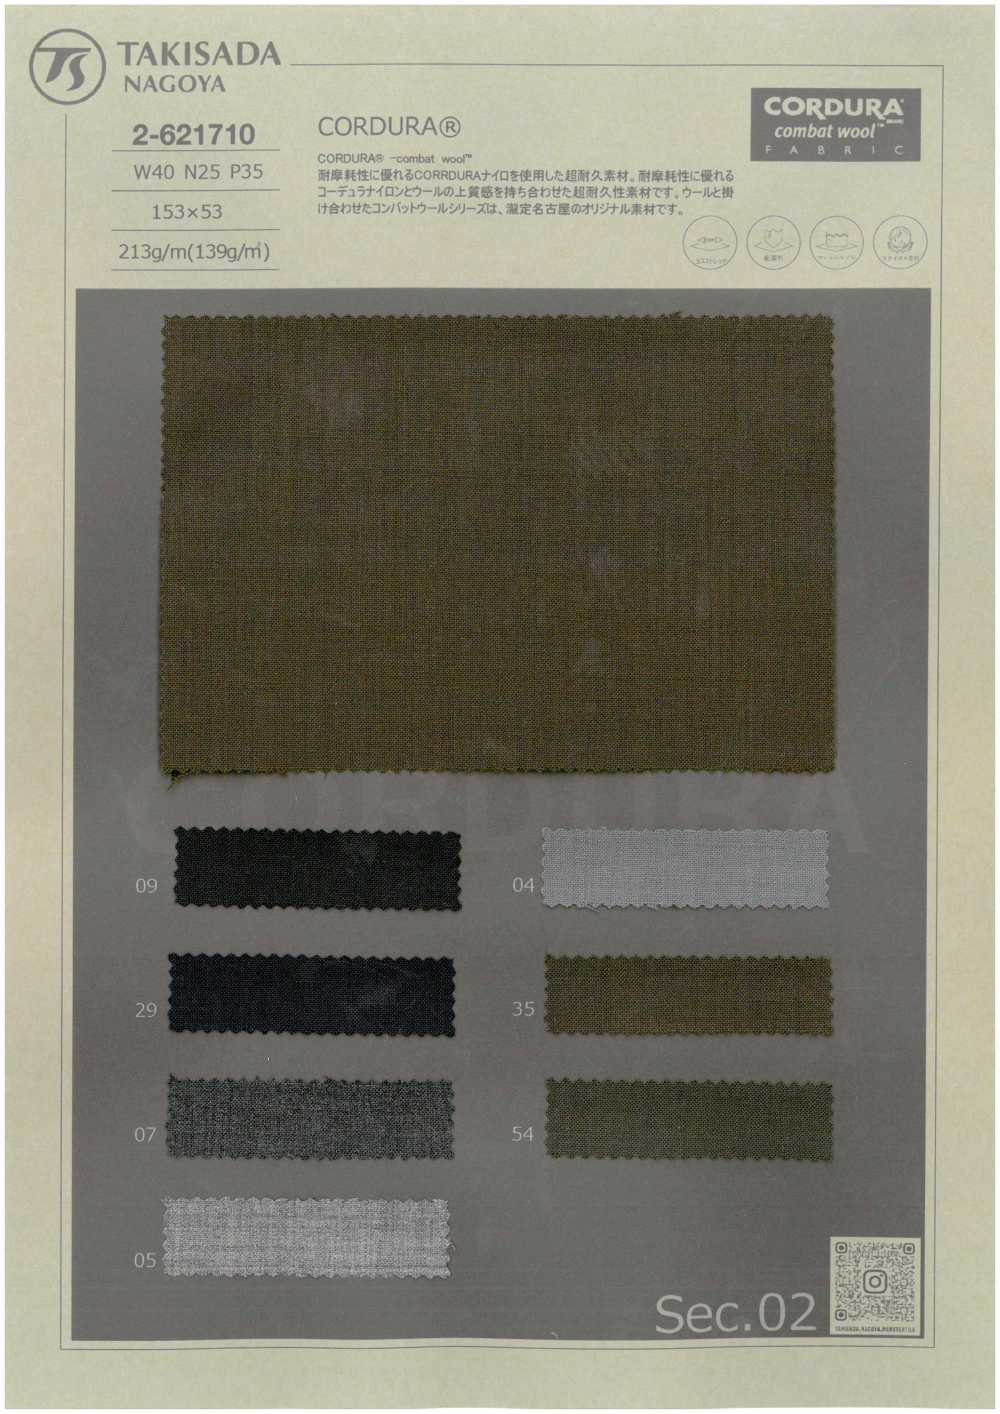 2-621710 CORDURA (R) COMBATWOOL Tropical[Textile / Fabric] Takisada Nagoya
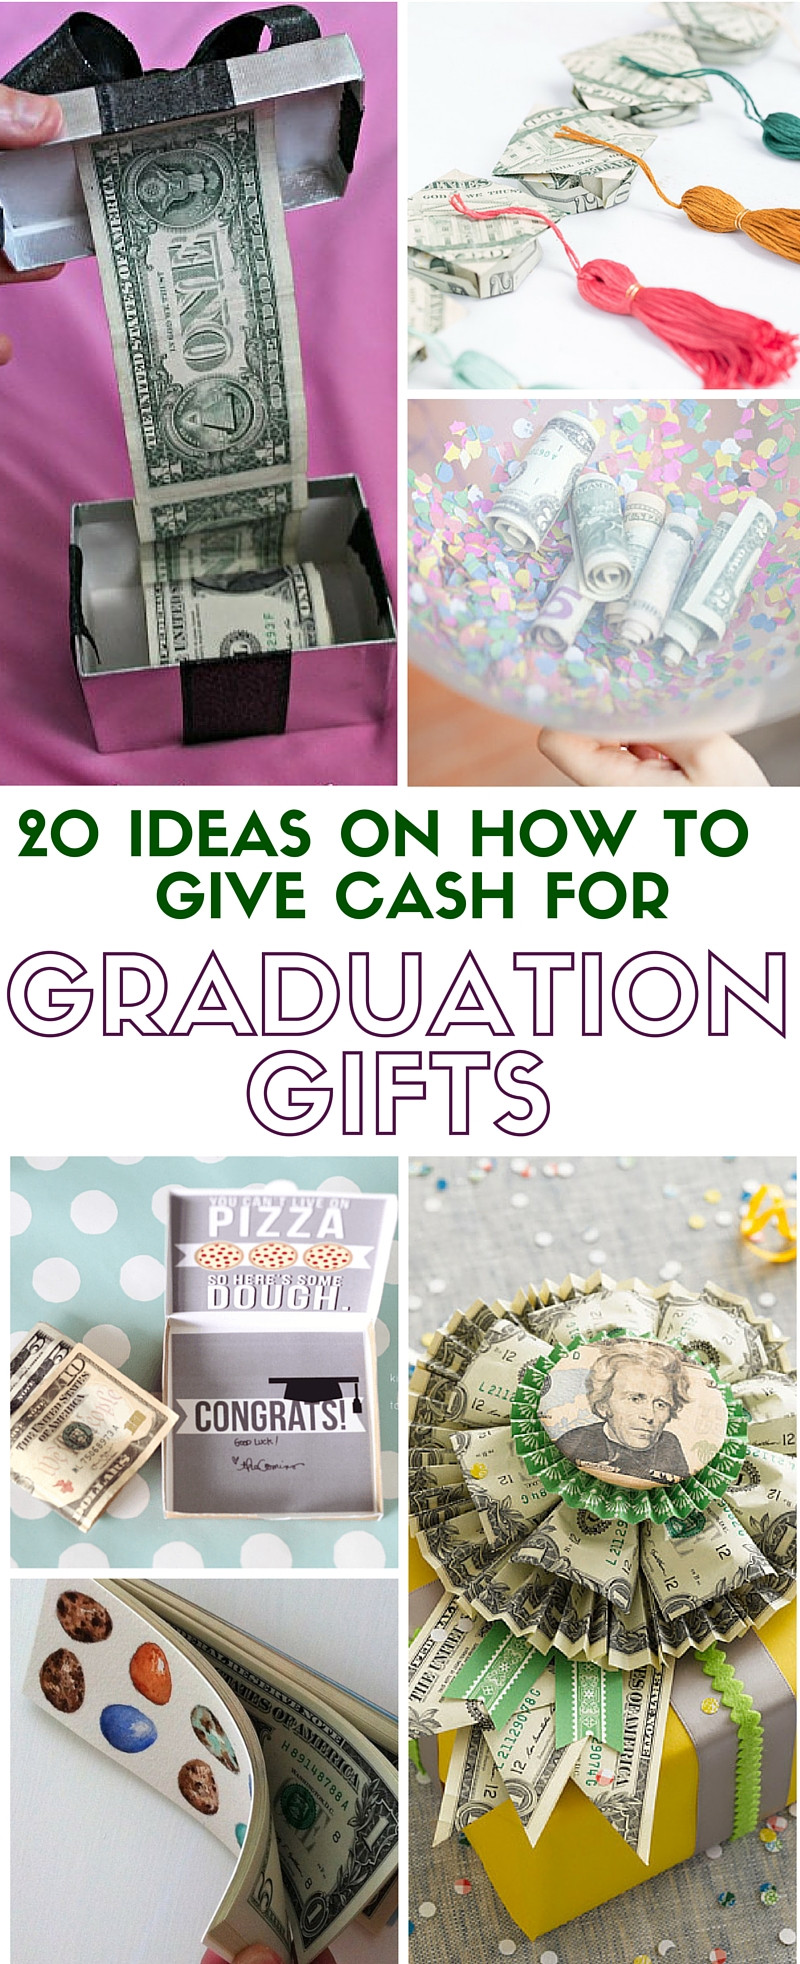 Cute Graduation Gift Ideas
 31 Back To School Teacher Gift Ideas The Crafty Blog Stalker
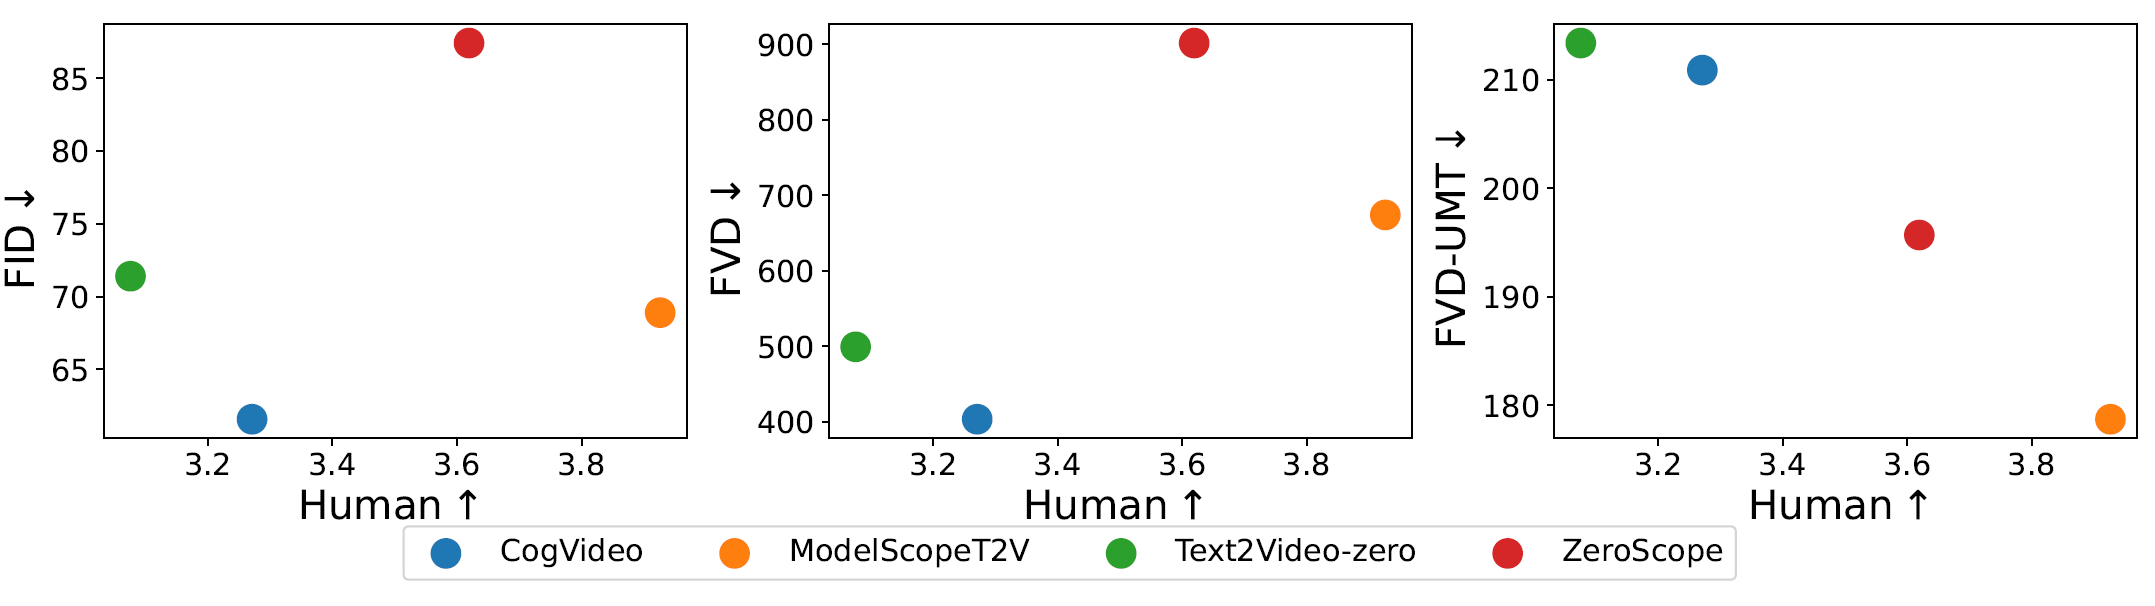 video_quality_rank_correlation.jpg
........
- **Task to complete**:
Each line of the data above is to be output exactly; the pictures are not to appear.

- **Your solution**:
 2-621710 CORDURA (R) COMBATWOOL Tropical[Textile / Fabric] Takisada Nagoya
 Cute Graduation Gift Ideas
 31 Back To School Teacher Gift Ideas The Crafty Blog Stalker
 video_quality_rank_correlation.jpg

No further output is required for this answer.